Program Courses: From what I can tell, there does not seem to be any equivalent for this in ProgramPages. So each external program won't have any courses listed.

Course Runs: I think we will have to assume that each external course has one run, with the same title and description as the CoursePage, and with the CoursePage start date and price. There are no fields in the CoursePage model for other dates (end_date, enrollment_<start/end>, expiration_date, and none of the following usually included in API run data: run_tag, product_id, instructors. I am guessing that the following may be equivalent but not sure:

CoursePage.external_url == Course.url ?
CoursePage.readable_id == CourseRun.courseware_id ?

Platform/Offered By: What should be used for external courses and programs?

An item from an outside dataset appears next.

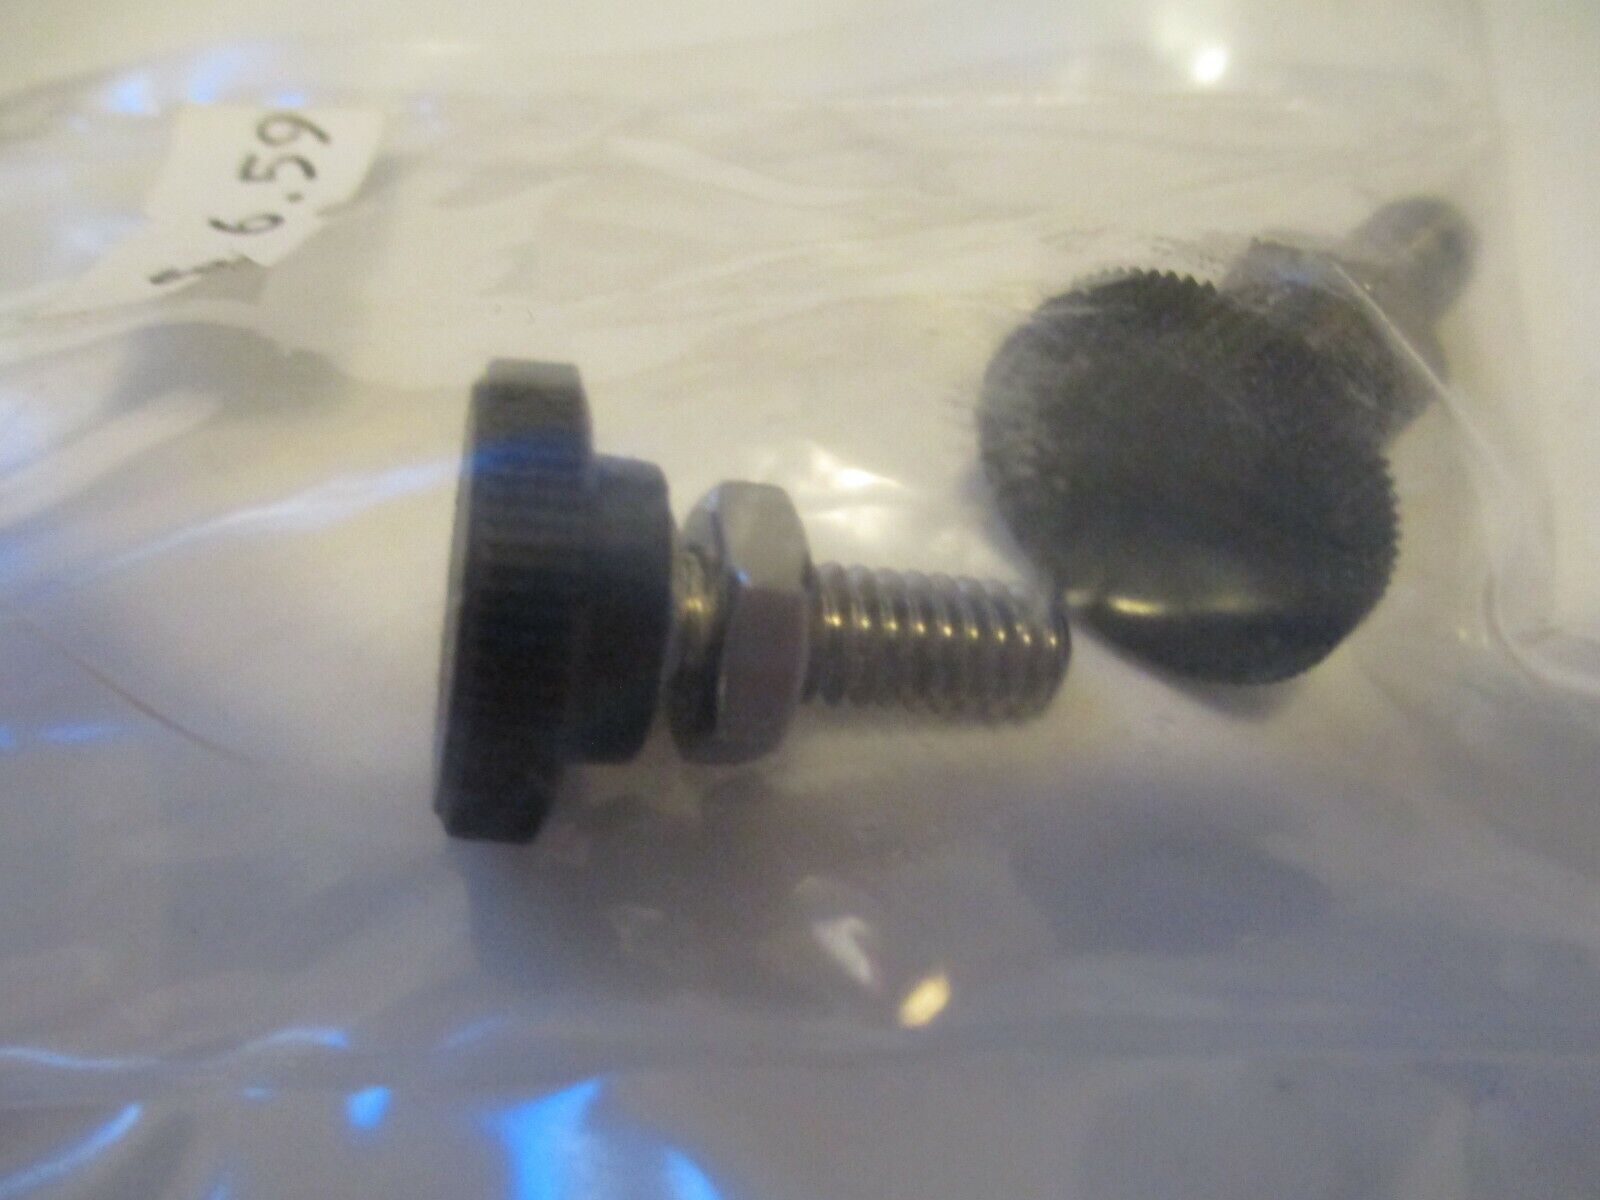 Cannon Downrigger thumb screws 2 pack (item 2473) Cannon unknown

A generic "Other"? open-discussions currently assumes everything in these API results is for the xpro platform and offered by xpro.

Acceptance Criteria:

[ ] All courses and programs, internal and external, are returned by the urls https://xpro.mit.edu/api/courses/ and https://xpro.mit.edu/api/programs/ respectively
[ ] A new field for each entity in the API response (is_external, True or False) will indicate whether each course/program is external or internal
[ ] open-discussions assigns a correct platform and offered_by value for externals (either something generic like "Other", or the xpro pages need to specify them and the API needs to include this).

It's hard for me to follow the details without some sample values. Can you mock up an API response for an external course?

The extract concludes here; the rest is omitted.